TSK'dan casusluk açıklaması!
.
Genelkurmay Başkanlığı, “İzmir Askeri Casusluk Dava dosyasındaki belgelerle ilgili askeri bilirkişi raporunu hazırlayan heyete Orgeneral Hulusi Akar'ın baskı yaptığı” iddiasının doğru olmadığını belirtti.
Genelkurmay Başkanlığı, İzmir 12’nci Ağır Ceza Mahkemesi’nde görülmekte olan ve bazı TSK personelinin yargılandığı “gizli bilgi belge bulundurma” davasında istenen belgelerin herhangi bir personelin baskı ve telkinde bulunmasına imkan verilmeyecek tarzda incelenmesine imkan tanındığını bildirdi.
Genelkurmay Başkanlığı, internet sitesi üzerinden “Devam etmekte olan soruşturma ve davalar” konusunda bir açıklama yaptı. Genelkurmay Başkanlığı’nın açıklaması şöyle:
“Genelkurmay Başkanlığınca, devam etmekte olan soruşturma ve davalarla ilgili olarak; adli makamların karar ve taleplerine, hukuka bağlılık ilkesi temelinde, ilgili mevzuat hükümleri doğrultusunda işlem yapılmasına büyük önem verilmektedir.
Bu kapsamda; İzmir 12’nci Ağır Ceza Mahkemesinde görülmekte olan ve bazı Türk Silahlı Kuvvetleri personelinin de yargılandığı davanın soruşturma aşamasında, İzmir Cumhuriyet Başsavcılığının yazısı üzerine, incelemesi talep edilen belgelerle ilgili incelemenin herhangi bir personelin baskı ve telkinde bulunmasına imkan verilmeyecek tarzda, hukuka uygun olarak ve objektif bir şekilde gerçekleştirilmesi sağlanmıştır.”
İDDİA
Bazı internet sitelerinde ve basında Kara Kuvvetleri Komutanlığı'na atanan Orgeneral Hulusi Akar'ın İzmir'deki Askeri Casusluk dava dosyasında bulunan belgelerle ilgili askeri bilirkişi raporunu yazan heyete baskı uyguladığı iddia edilmişti.
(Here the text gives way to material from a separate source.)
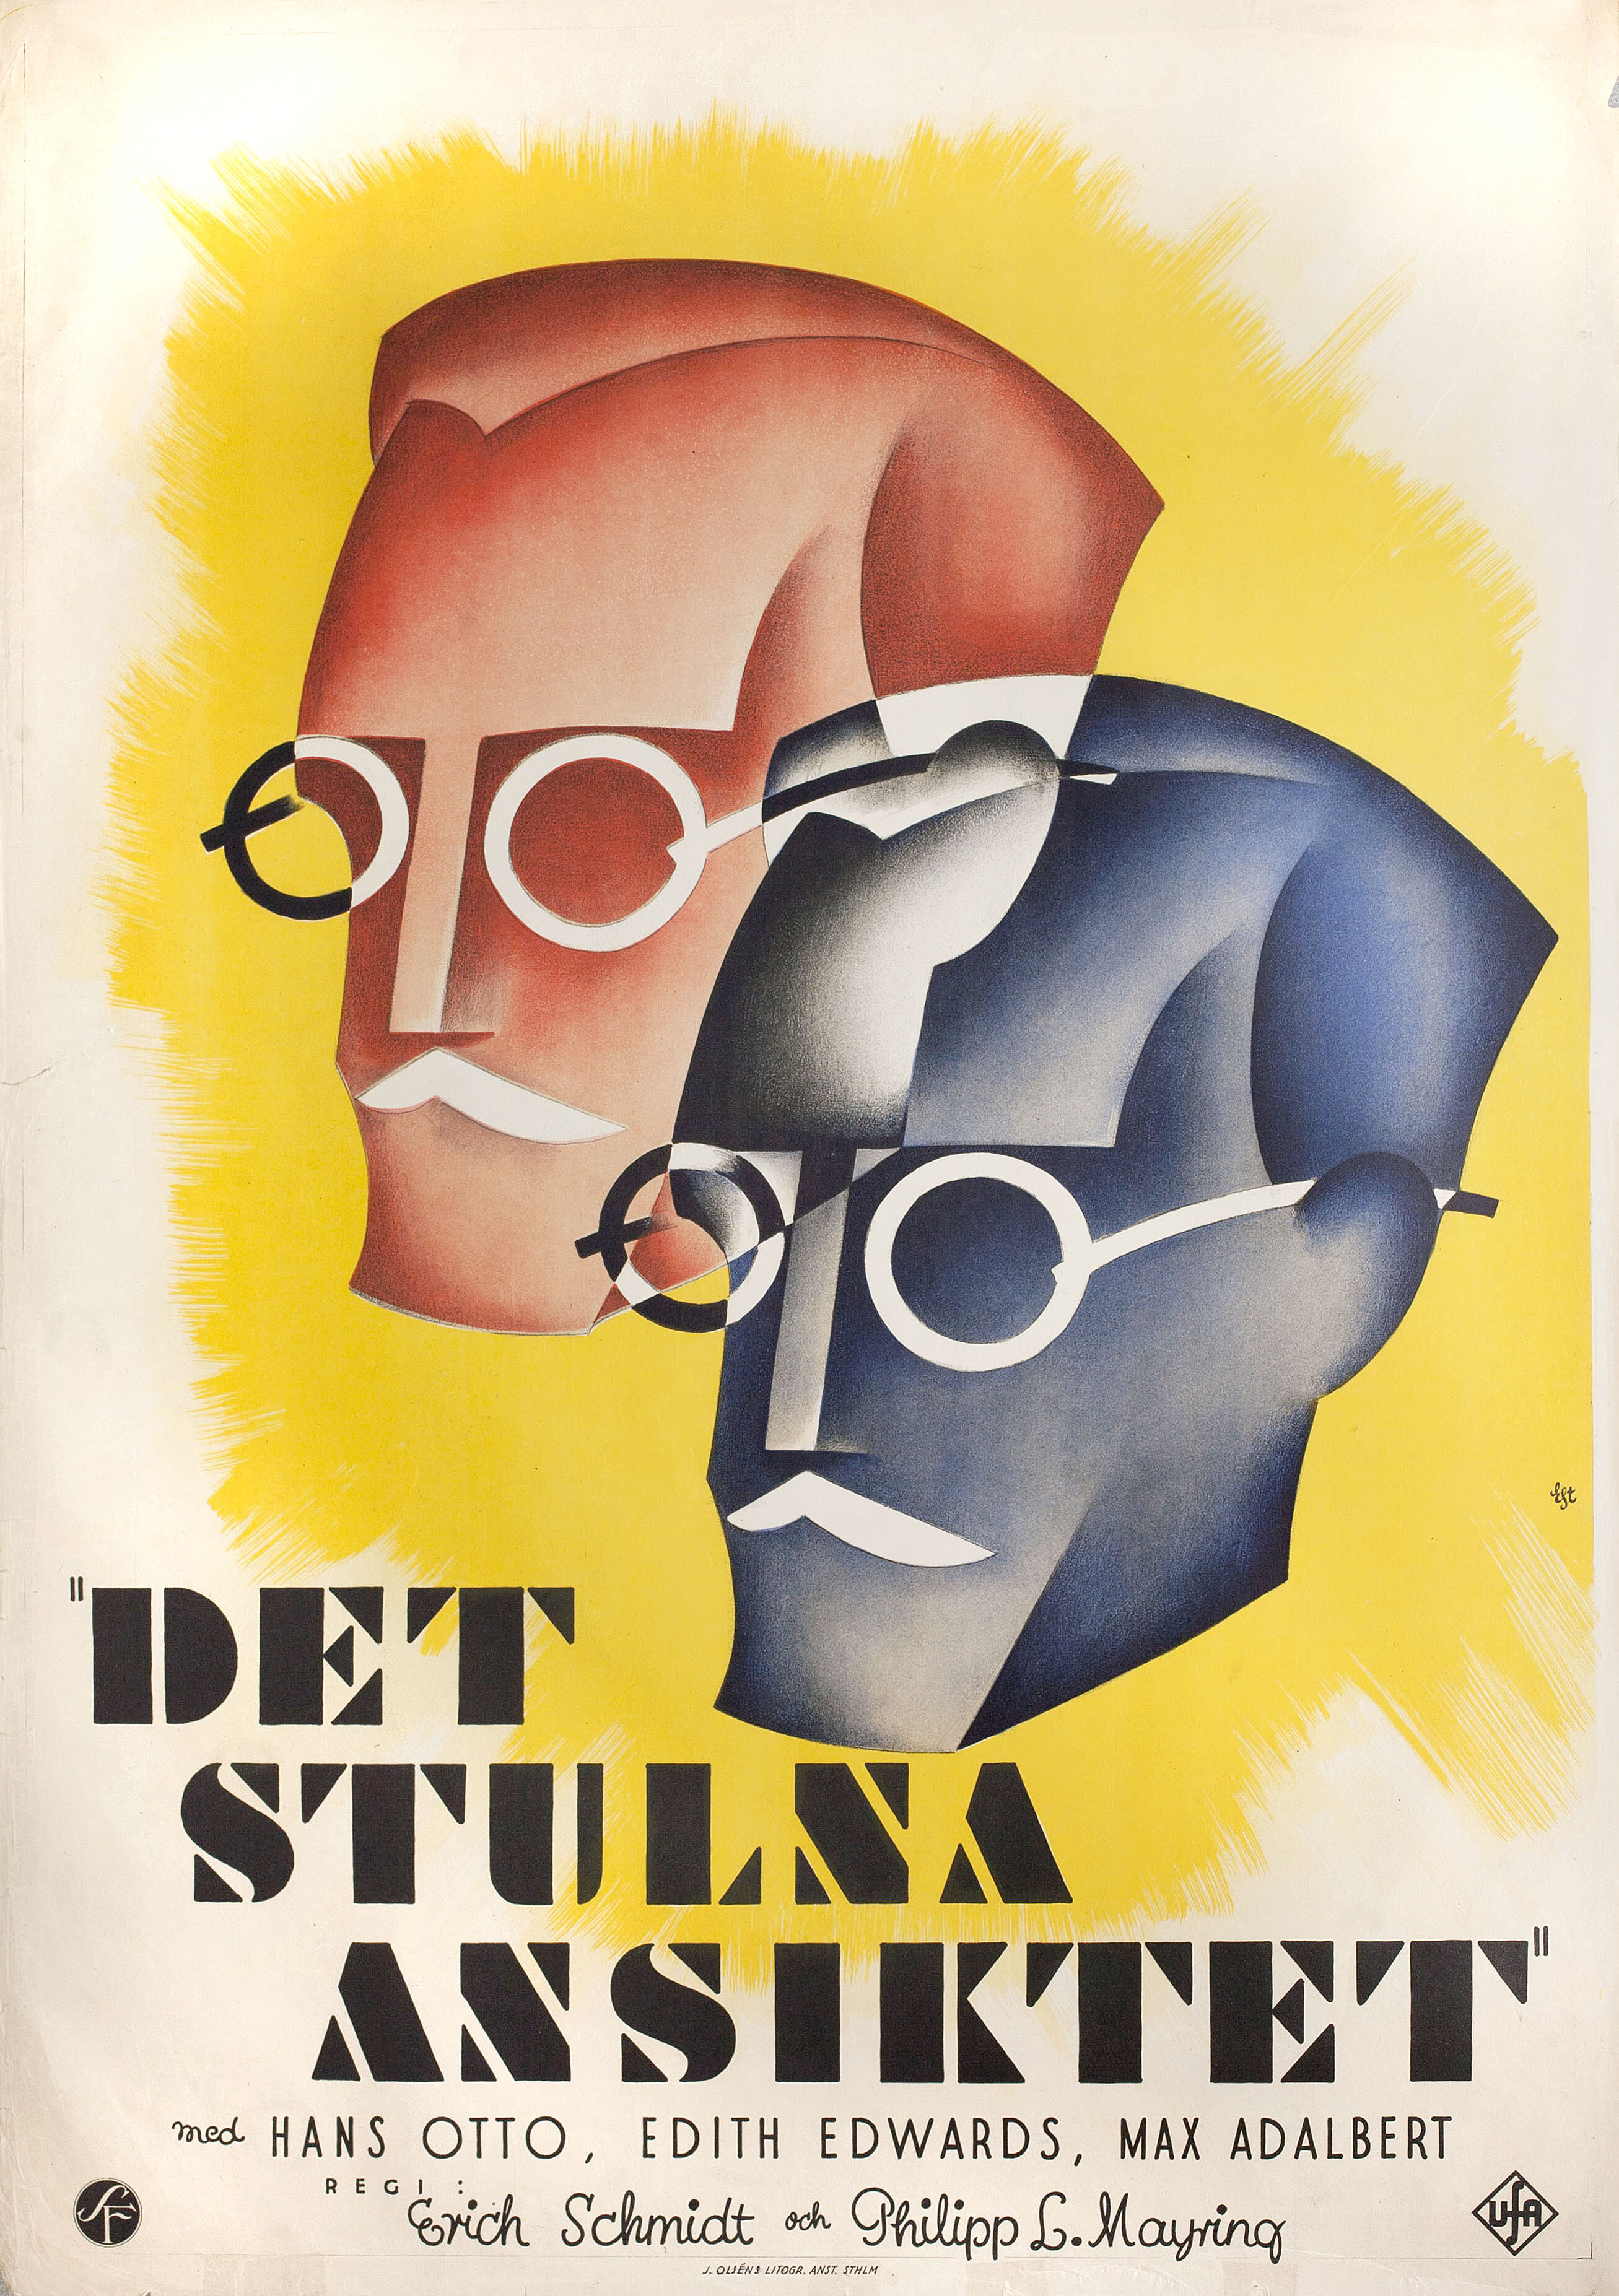 Украденное лицо (The Stolen Face, 1930), режиссёр Филипп Лотар Мэйринг, постер к фильму в стиле ар-деко (Швеция, 1930 год)

Avukat Nevzat Güleşen, kendisine ulaşan bu bilgiyi kamuoyuyla paylaşmıştı.
Askeri Casusluk Savcısı Zafer Kılınç dosyadaki askeri belgeler için Genelkurmay'dan bilirkişi raporu istemişti. Eylül 2012'de hazırlanan askeri bilirkişi raporu sanıkların lehine çıkmıştı. Avukat Güleşen ise raporun ardından yaşananları anlatırken savcının bu yazısı üzerine Genelkurmay'dan ikinci bilirkişi raporunun gönderildiğini iddia etmişti. Genelkurmay'dan gönderilen ikinci raporda, aynı belgeler hakkında yapılan değerlendirmeler bu kez sanıkların aleyhine döndü. Güleşen de, Orgeneral Hulusi Akar'ın mahkemede tanık olarak dinlenmesi için talepte bulundu.